While at Smyrna in 1813 he baptised John William Burgon, with whom in later life he was very intimate. He looked over the manuscript of Burgon's prize essay on "The Life and Character of Sir Thomas Gresham", and publicly read the essay at the Mansion House, London, on 14 May 1836. Burgon corresponded with him from 1836 to 1852, and dedicated to him his "Fifty Smaller Scriptural Cottage Prints" in 1851.

Renouard died unmarried at Swanscombe rectory on 15 February 1867 and was buried in Swanscombe churchyard on 21 February.

==Works==
Renouard was an admirable classical scholar, was acquainted with French, German and Italian language, and gained during his time in the Near East an intimate knowledge of the Arabic, Turkish and Hebrew languages.

Although his publications were few, he obtained a wide reputation as a linguist, geographer and botanist. During the forty-nine years that he resided at Swanscombe, he maintained a voluminous correspondence with the most distinguished orientalists and geographers of Europe, and was an industrious contributor to the journals of learned societies.
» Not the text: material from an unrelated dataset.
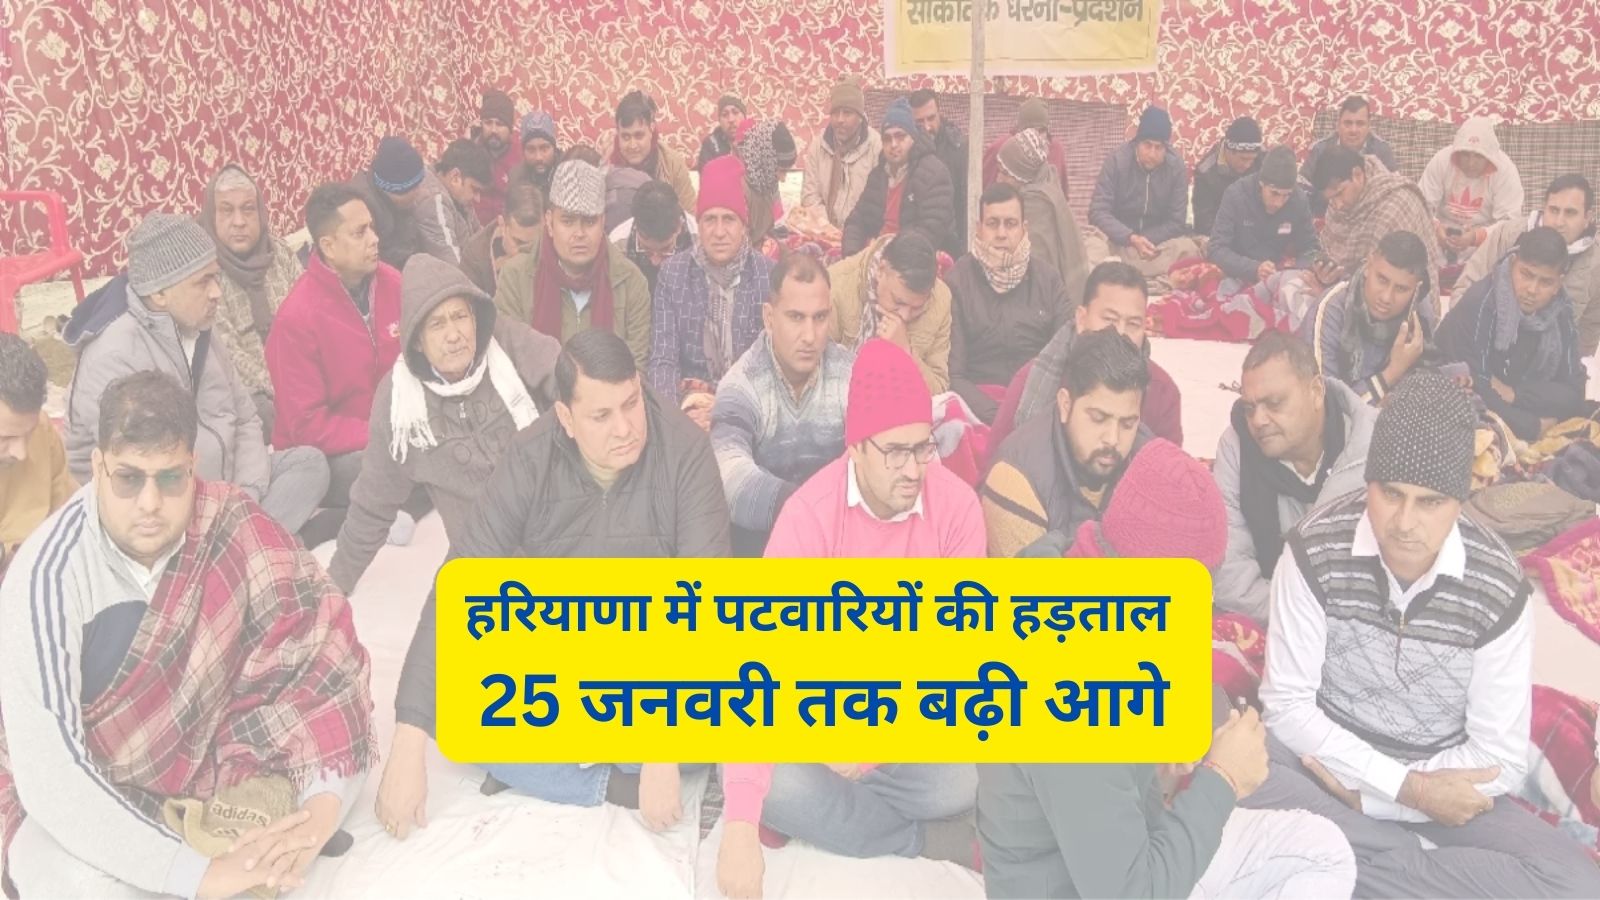 Patwari Strike In Haryana:हरियाणा में पटवारियों की हड़ताल 25 जनवरी तक बढ़ी आगे,जानिए हड़ताल का कारण

For the British and Foreign Bible Society he corrected the proofs of the translations of the scriptures into Turkish and other eastern languages. He was a leading member of the translation committee of the Royal Asiatic Society, to which he was elected in 1824, revising many of its publications. His paper on the language of the Berbers was communicated to the society in 1836. From 1836 to 1846 he was honorary foreign secretary of the Royal Geographical Society, and actively interested himself in the Syro-Egyptian Society and the Numismatic Society.

In the Encyclopædia Metropolitana, third division, "History and Biography", he contributed to the "History of the Roman Republic", 1852 (chapters vii, viii, and x) and to the "History of Greece, Macedonia, and Syria", 1852 (chapter iii).